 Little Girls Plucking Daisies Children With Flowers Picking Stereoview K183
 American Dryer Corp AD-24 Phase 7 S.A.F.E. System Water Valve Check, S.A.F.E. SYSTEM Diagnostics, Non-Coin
* * *
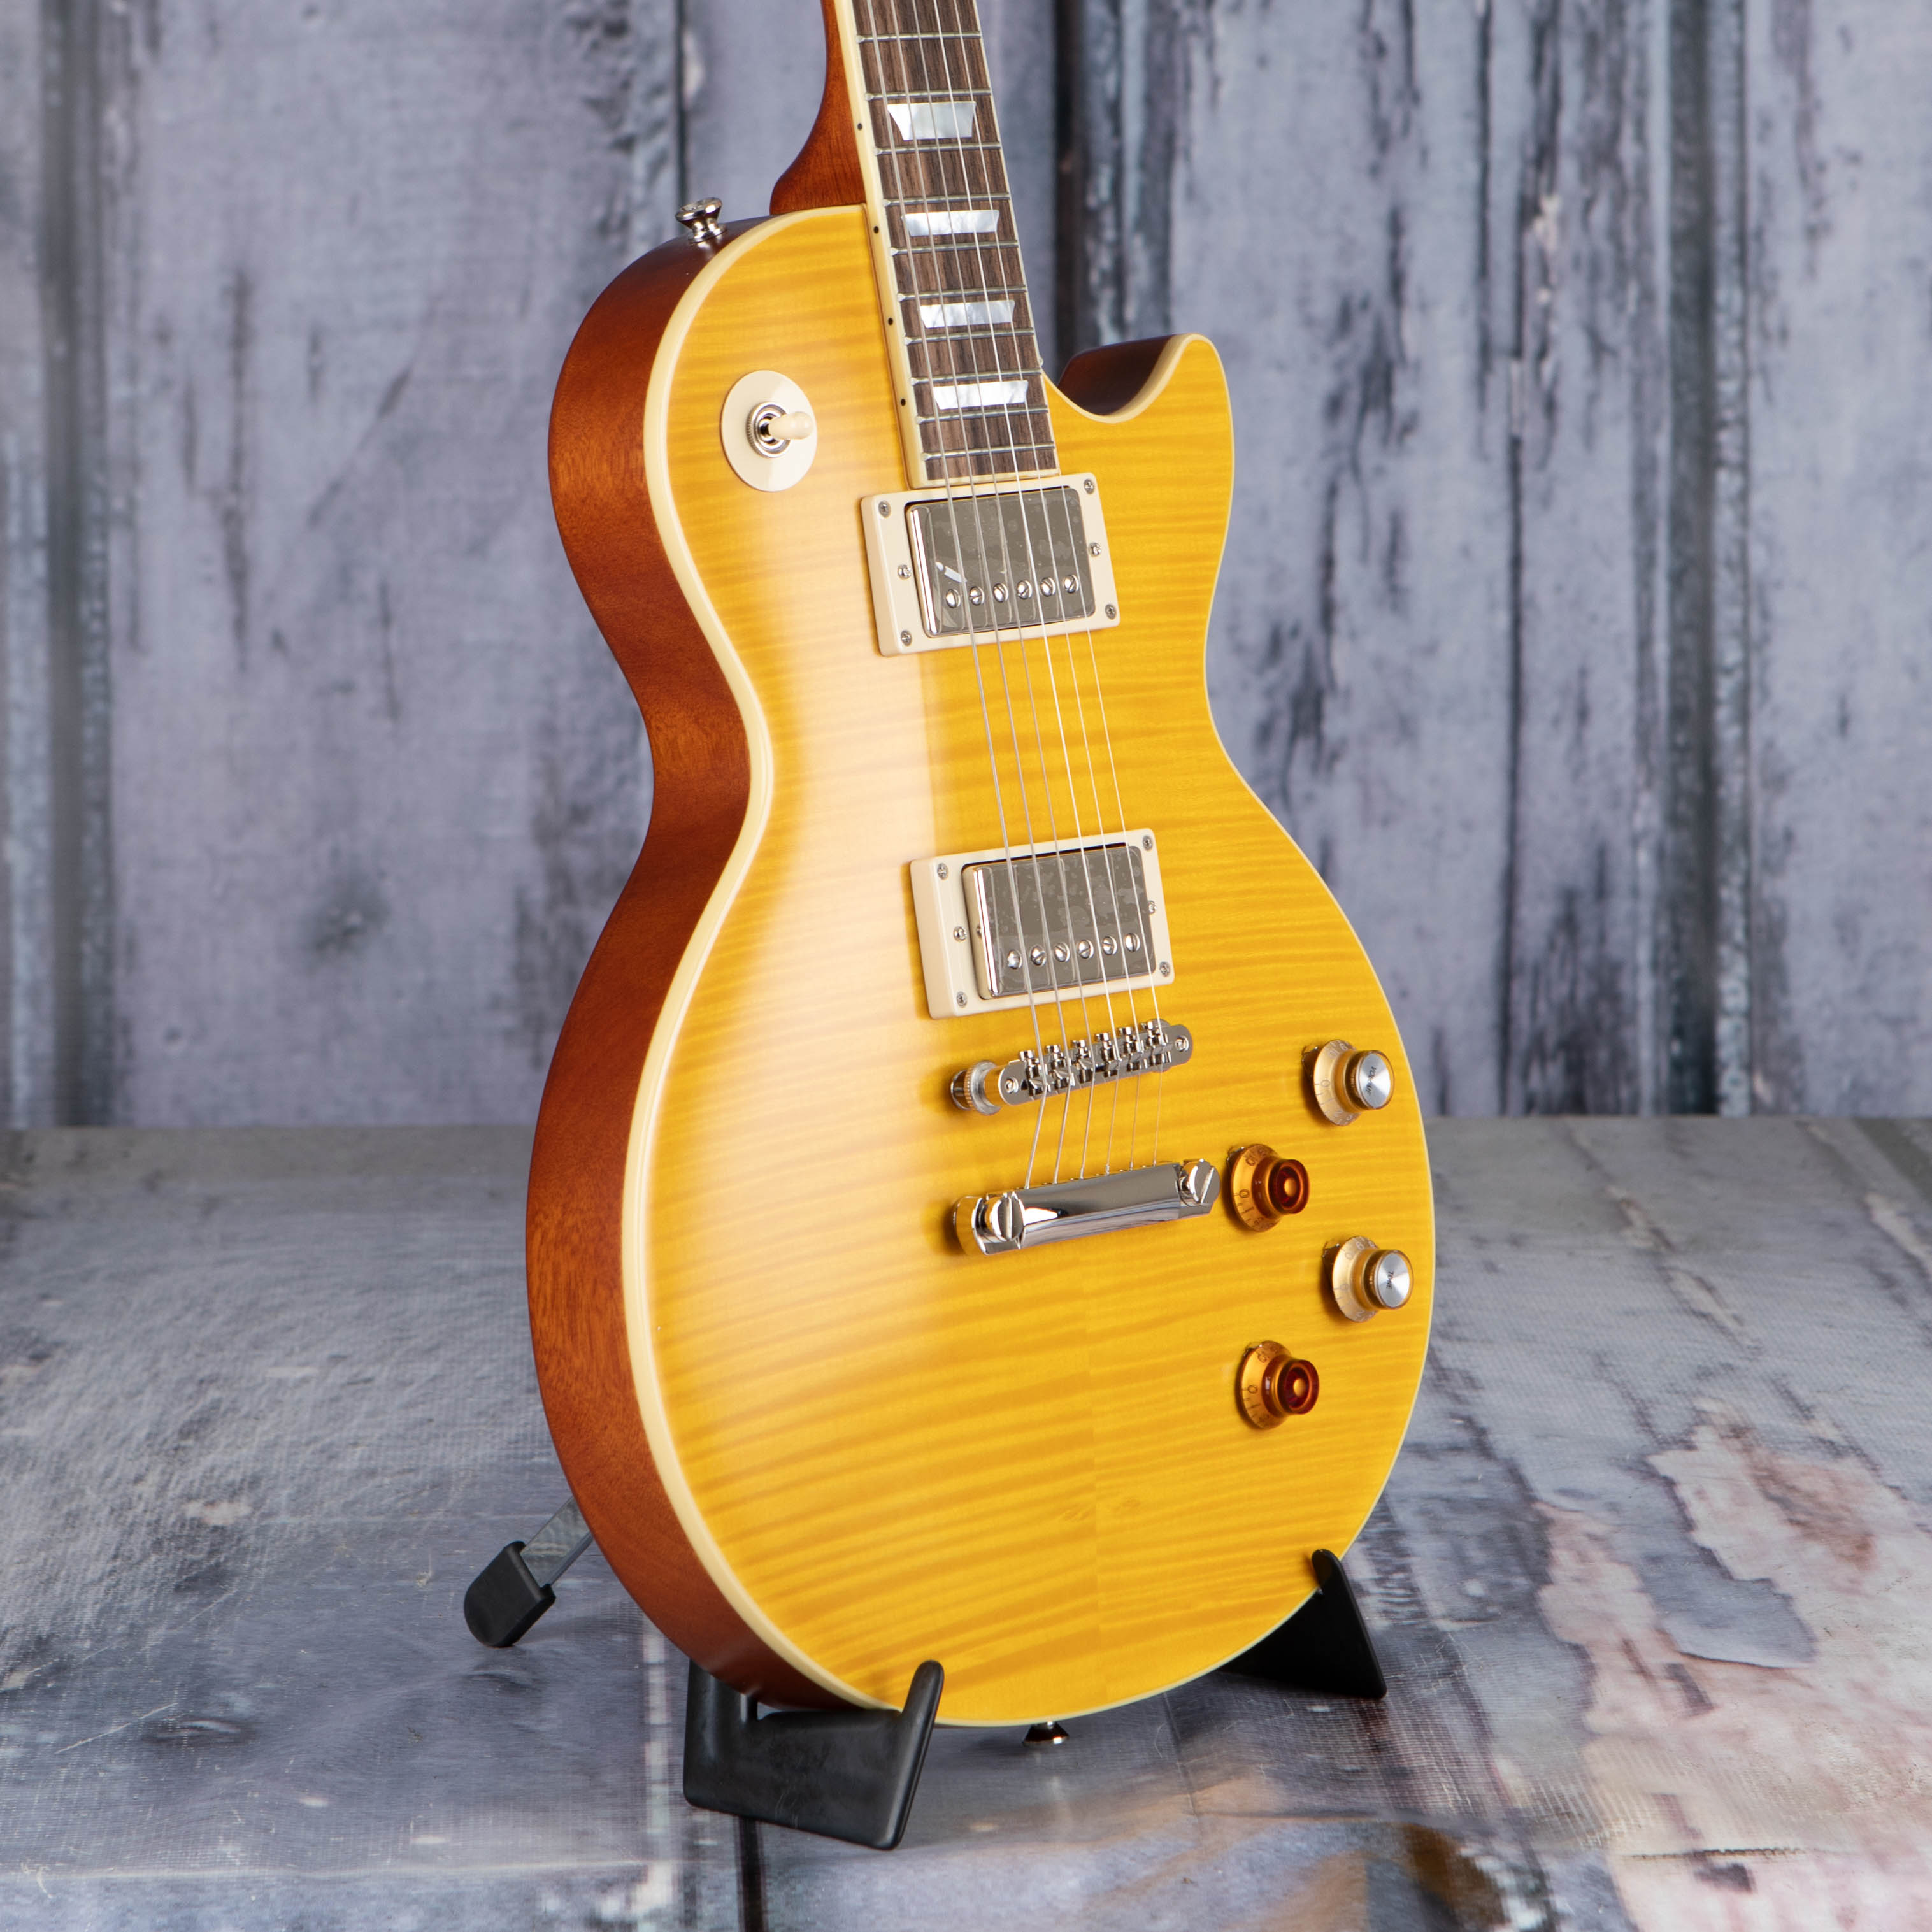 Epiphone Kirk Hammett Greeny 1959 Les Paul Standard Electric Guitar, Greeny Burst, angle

REQUIRED ACTION:
All that is needed is the exact run of lines above from the line containing "Little Girls Plucking" through the line containing "American Dryer Corp", both of them included.

PROBLEM SOLUTION:
 Little Girls Plucking Daisies Children With Flowers Picking Stereoview K183
 American Dryer Corp AD-24 Phase 7 S.A.F.E. System Water Valve Check, S.A.F.E. SYSTEM Diagnostics, Non-Coin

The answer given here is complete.